A malária e as doenças respiratórias são as patologias mais frequentes, segundo explicou, no local, ao Novo jornal Online, o administrador do centro de saúde do Rangel, Francisco Januário.

“Temos registado um número muito elevado de pacientes no nosso centro devido às últimas enxurradas que se abateram sobre a cidade de Luanda”, apontou.

“O lixo e as águas paradas têm sido factores para o aumento da malária, estamos a trabalhar arduamente no combate e prevenção destas doenças que têm prejudicado muitas crianças”, acrescentou.

No centro de saúde do Bairro Operário, o cenário é o mesmo: agitação e confusão no banco de urgência para que finalmente os utentes consigam uma ficha que dá acesso ao atendimento.

“É lamentável o que estamos a passar aqui”, afirmou Joana Bumba, que se deslocou ao centro do BO, com o filho de dois anos, a arder em febre.

Enquanto a criança aguardava para ser atendida, deitada num assento de pedra, a mãe continuou as lamentações “Não sei onde ir com o meu filho, já disse às enfermeiras que o meu bebé está com muita febre, mas elas disseram-me que não é a única criança que se encontra neste estado”.

“Só te tratam bem quando metes dinheiro à frente, cheguei ao hospital com dois mil kwanzas, não tenho mais dinheiro. Se eu der este valor à enfermeira para que eu possa ter um atendimento célere, como farei para comprar os medicamentos, se na farmácia do centro nunca há fármacos”, contou, confidenciando que uma enfermeira lhe disse para preparar dois mil kwanzas se quisesse ser atendida com urgência.

Falta de medicamentos

A falta de medicamentos nos centros de saúde de Luanda tem causado muito descontentamento dos utentes que recorrem diariamente às unidades hospitalares da urbe.
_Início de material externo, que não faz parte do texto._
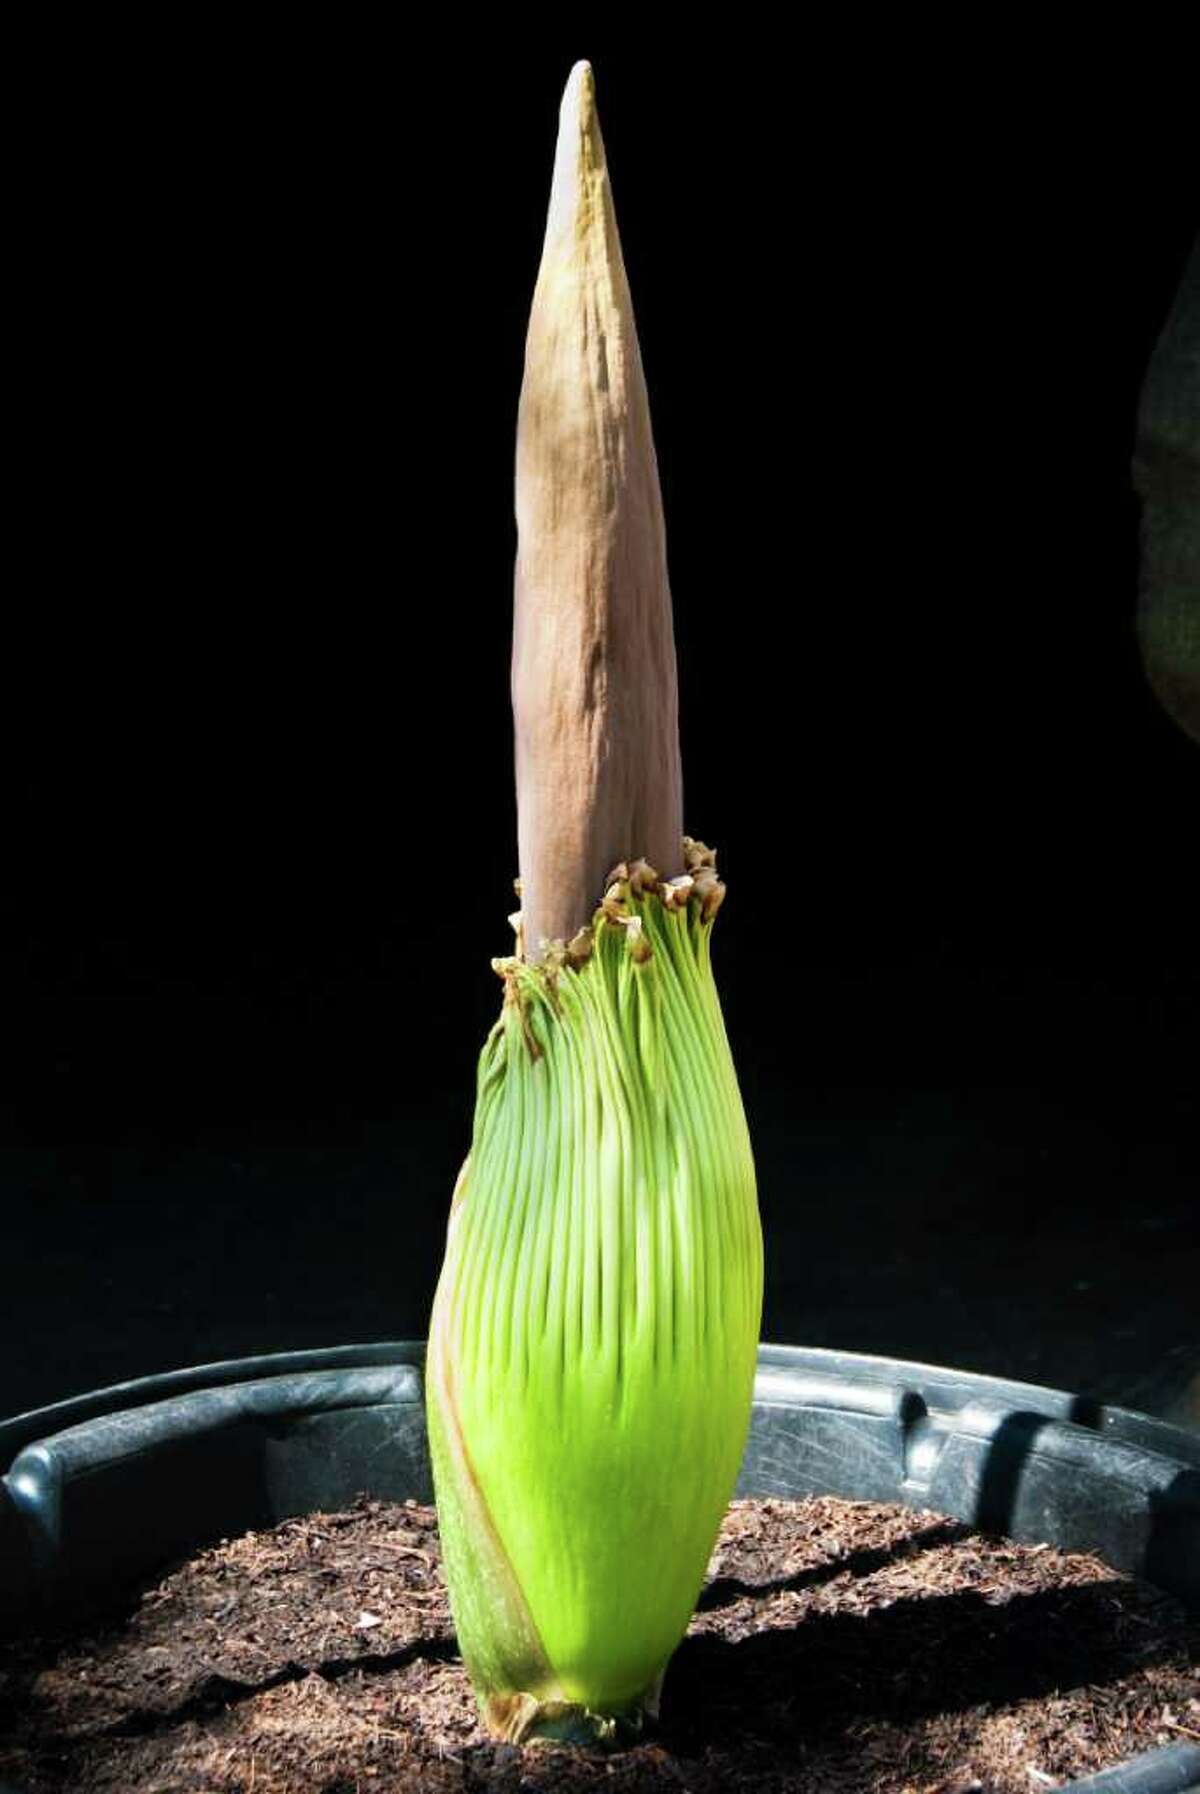 Pewtunia, the Houston Zoo's corpse flower, may bloom this weekend.

O Novo Jornal Online confirmou, junto das farmácias dos centros de saúdes acima citados, a falta de materiais gastáveis, como luvas, compressas, seringas, algodão e soro.

De acordo com uma fonte do Hospital Geral dos Cajueiros, no município do Cazenga, que falou sob anonimato, os enfermeiros são obrigados a pedir aos pacientes ou aos familiares para irem comprar os medicamentos à rua por não existirem fármacos na farmácia do hospital.

“Há muita carência de medicamentos nos hospitais da capital. Aqui, nos Cajueiros, a situação é a mesma, lamentamos quando nos deparamos com um paciente que não tem condições de adquirir os fármacos por falta de verbas”, disse.

Entretanto, no centro de saúde da Terra Nova, Beiral, ficou visível a enchente no corredor do banco de urgência.

Gilda Matias, vendedora ambulante de 33 anos, contou ao Novo Jornal Online que deu entrada com o filho no banco de urgência e teve de comprar todos os fármacos na rua porque o hospital não possui nenhum medicamento.

“Todas as minhas economias acabaram. Logo que começaram a atender o meu filho fui informada que o centro está sem medicamentos. Não tinha outra alternativa senão a de recorrer às farmácias da rua”, disse.

“Isto é uma brincadeira de mau gosto”, queixou-se o jovem Romão José, que tinha levado o irmão menor ao Beiral, depois de a criança ter tido uma recaída.

“Não sei porque é que chamam a isto hospital, nunca tem nada, as enfermeiras não sabem falar com as pessoas”, acusou.

“Para atenderem o meu irmão já passei por muita gente. Tive de pagar quatro mil kwanzas à chefe de banco e tive de ir comprar os medicamentos à rua”, acrescentou, contando que comprou as seringas e o soro, por não existirem no centro.

“Isto é uma vergonha. Dizem que as coisas estão a mudar, eu não vejo nenhuma mudança”, finalizou.

O Novo Jornal Online, depois de ouvir tantas queixas, contactou a directora do Centro de Saúde da Terra Nova, Beira, que se recusou a dar explicações.

“Não posso falar sem a ordem superior porque não fui avisada nem orientada para dar entrevista”, respondeu.